- Type: Unit award
- Awarded for: Outstanding service, usually of national importance
- Country: United States
- Presented by: United States Public Health Service
- Eligibility: Members of the United States Public Health Service Commissioned Corps

Precedence
- Next (higher): Presidential Unit Citation
- Next (lower): Unit Commendation

= Public Health Service Outstanding Unit Citation =

Decoration of the U.S. Public Health Service

The Public Health Service Outstanding Unit Citation is a decoration of the United States Public Health Service presented to members of the United States Public Health Service Commissioned Corps. It is the second-highest unit award of the USPHS Commissioned Corps.

==Criteria==

The USPHS Commissioned Corps grants the Outstanding Unit Citation typically for specific actions over a relatively short and defined period of time, marked by discrete beginning and ending dates. Officers of a USPHS unit receive the Outstanding Unit Citation because of their collective contributions to the action or actions of the unit. Although all officers of the unit are eligible to receive the award, the appropriateness of inclusion of each officer is considered individually; however, a nomination for the citation does not need to cite the specific role of each officer.

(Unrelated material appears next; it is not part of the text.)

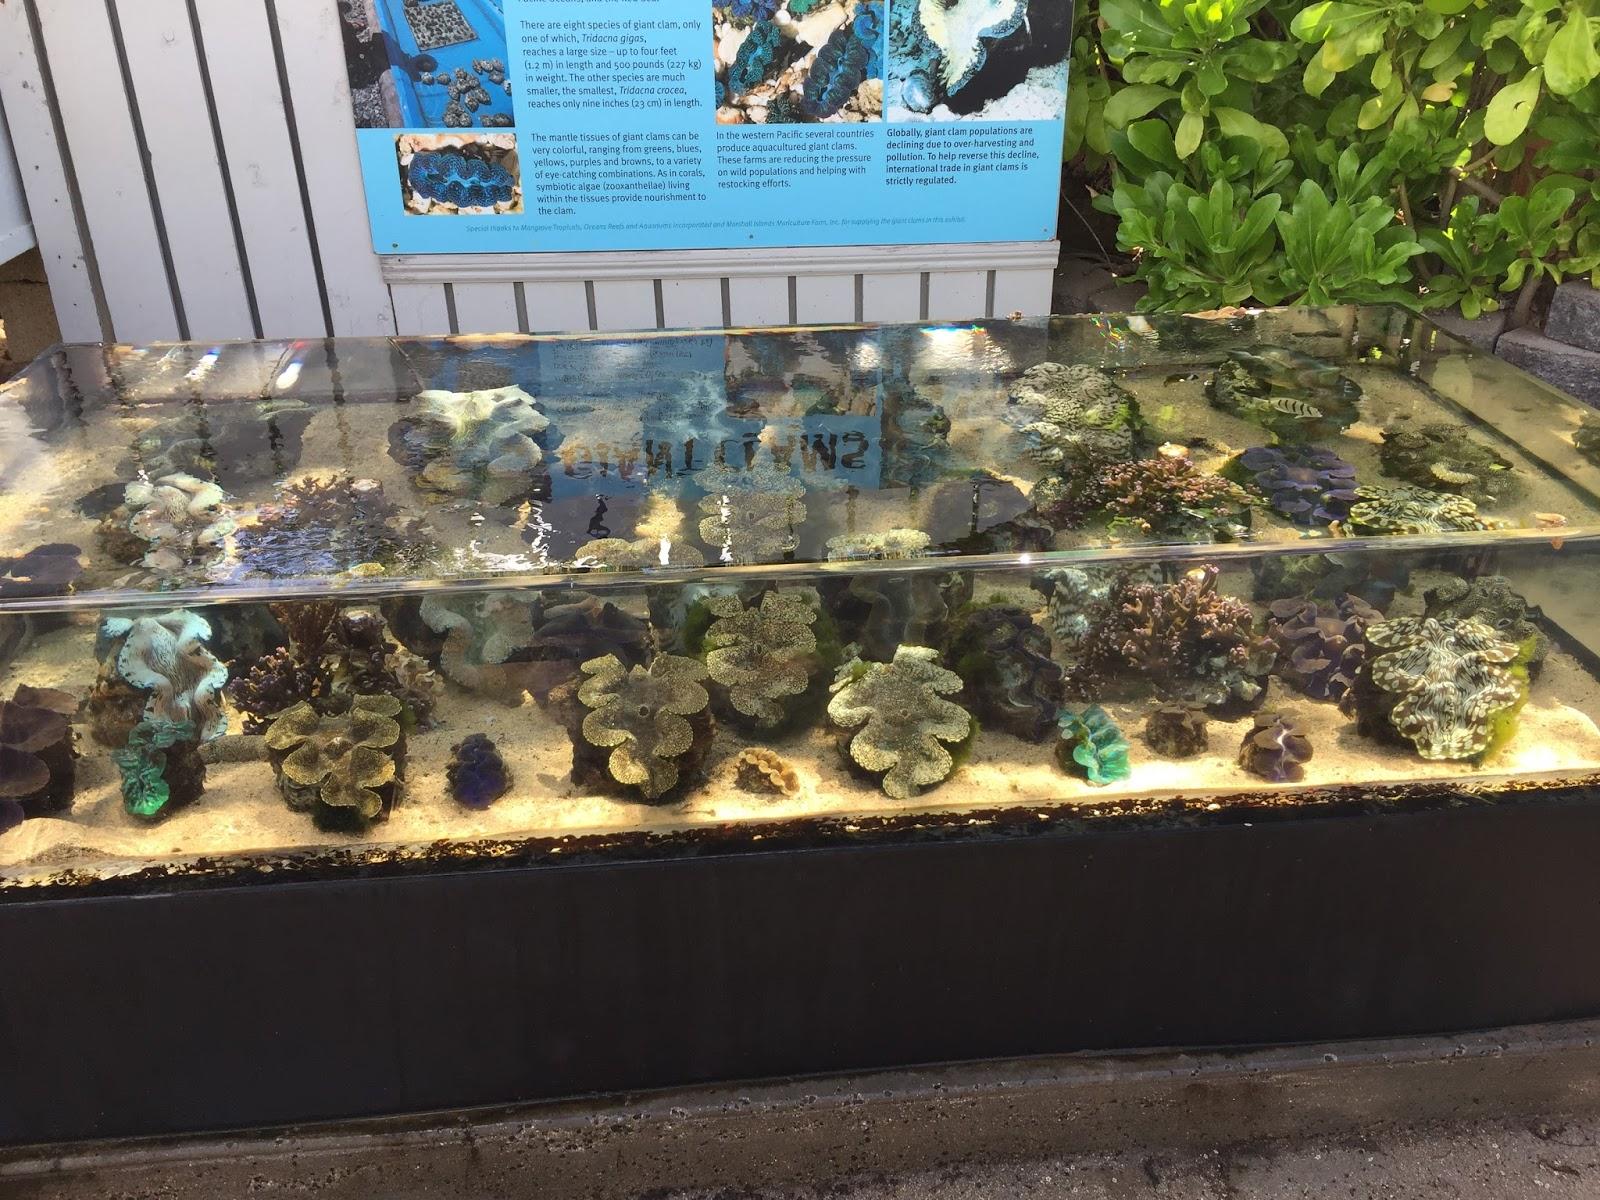 The Life Amphibious Earth Day 2017 At The Waikiki Aquarium

The Outstanding Unit Citation is the second-highest unit award of the USPHS Commissioned Corps. The determinants of the appropriate level of recognition for a USPHS unit award are the importance and significance of the unit's action or actions in furthering the mission of the USPHS Commissioned Corps and the extent to which the achievement exceeds that which is normally expected of such officers. To merit the Outstanding Unit Citation, a group of Commissioned Corps officers must exhibit outstanding contributions toward achieving the goals and objectives of the USPHS, and their unit must have provided outstanding service, often of national significance to the United States.

The USPHS Commissioned Corps may recognize an officer who is a member of a unit that also includes civilians with the Outstanding Unit Citation. Civilian members of the unit are recognized through the USPHS's civilian awards system, but the civilian members are listed on the USPHS Commissioned Corps award nomination.